That old hack isn't the problem. Just another guy resurrecting the decaying
flesh of ideas, plots, and characters dead thirty years now, pumping in a
little '80's topicality (lame sex), and grabbing himself a whole bunch of
money and a chrome rocket. What the hell? You give a guy a license to
steal, you've got to expect him to use it.
But who gave him the license? That's better, more to the point.
First, though, look further. An endless stream of Dune books, leper
books, Riverworld books, 2010-and-counting books, Majipoor books, magic blue
horse books.... help me, Jesus, I can't do it by myself.
It can't be the books. Most are unreadable, some merely boring, and
a few achieve the exalted status of a well-prepared cheeseburger.
SF used to be solely the province of the visionary and/or deranged.
Its writers could count on, at best, a living wage -- along with, of course,
the warm admiration of thousands of the isomorphically visionary/deranged,
for whatever it was worth. This was not a good thing. Philip Dick ate pet
food; others committed suicide, said the hell with it, or lived lives of
constant despair. Name your poison. But the crazed were allowed to flourish
in their own peculiar way, and the results were, now and then, amazing.

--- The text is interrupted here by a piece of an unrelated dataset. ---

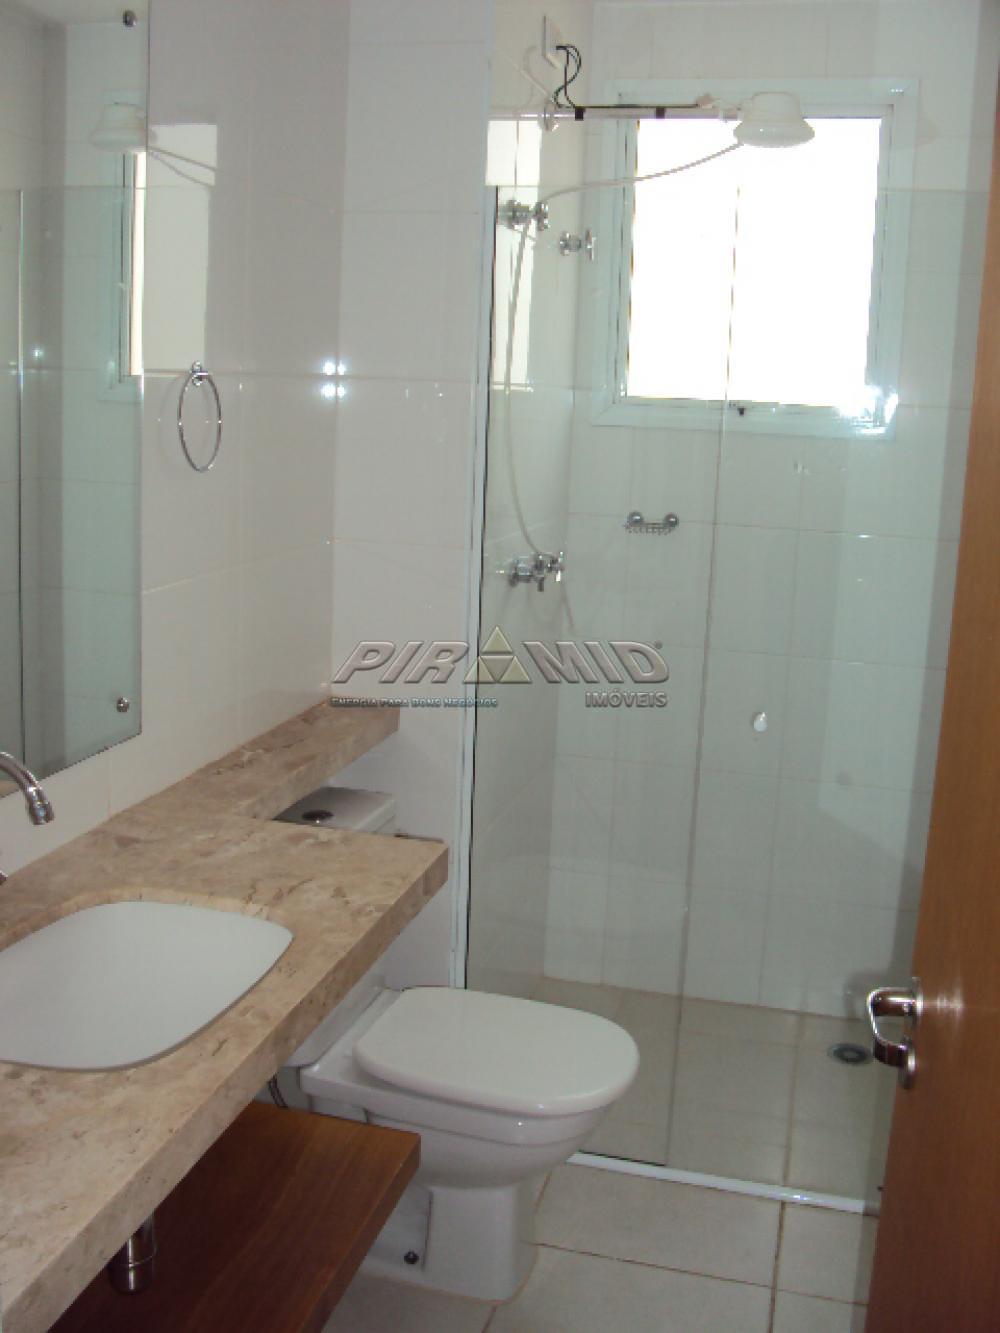 Alugar Apartamento / Padrão em Ribeirão Preto apenas R$ 1.950,00 - Foto 11

So by all means bring SF onto center stage and give it a shot at the
Big Time: New York Times Best Seller Lists, mighty advances, fancy covers,
seven-piece supermarket dump bins.
But don't take a razor to the hamstrings and then say, "Go on, get
out there, buddy, and run with the best." Don't, in short, isolate the
Dune-leper-magic blue horse&c. books as quintessential SF and ignore
everything else. But this is, of course, precisely what mainstream corporate
publishing does.
Meanwhile, back at Waldenbooks, they're honing the SF section -- you
know, stripping it down to the 'essentials' ... and Waldenbooks are spreading
exponentially, in more disgusting fashion than any monster SF ever dreamed
up, while the publishers are reading the writing on the shopping center walls
-- which says nothing about being weighed in the balance and found wanting --
and following along.
There was a hint at the end of ROBOTS OF DAWN that Asimov might tie
the ROBOT books and the FOUNDATION books together. Imagine that.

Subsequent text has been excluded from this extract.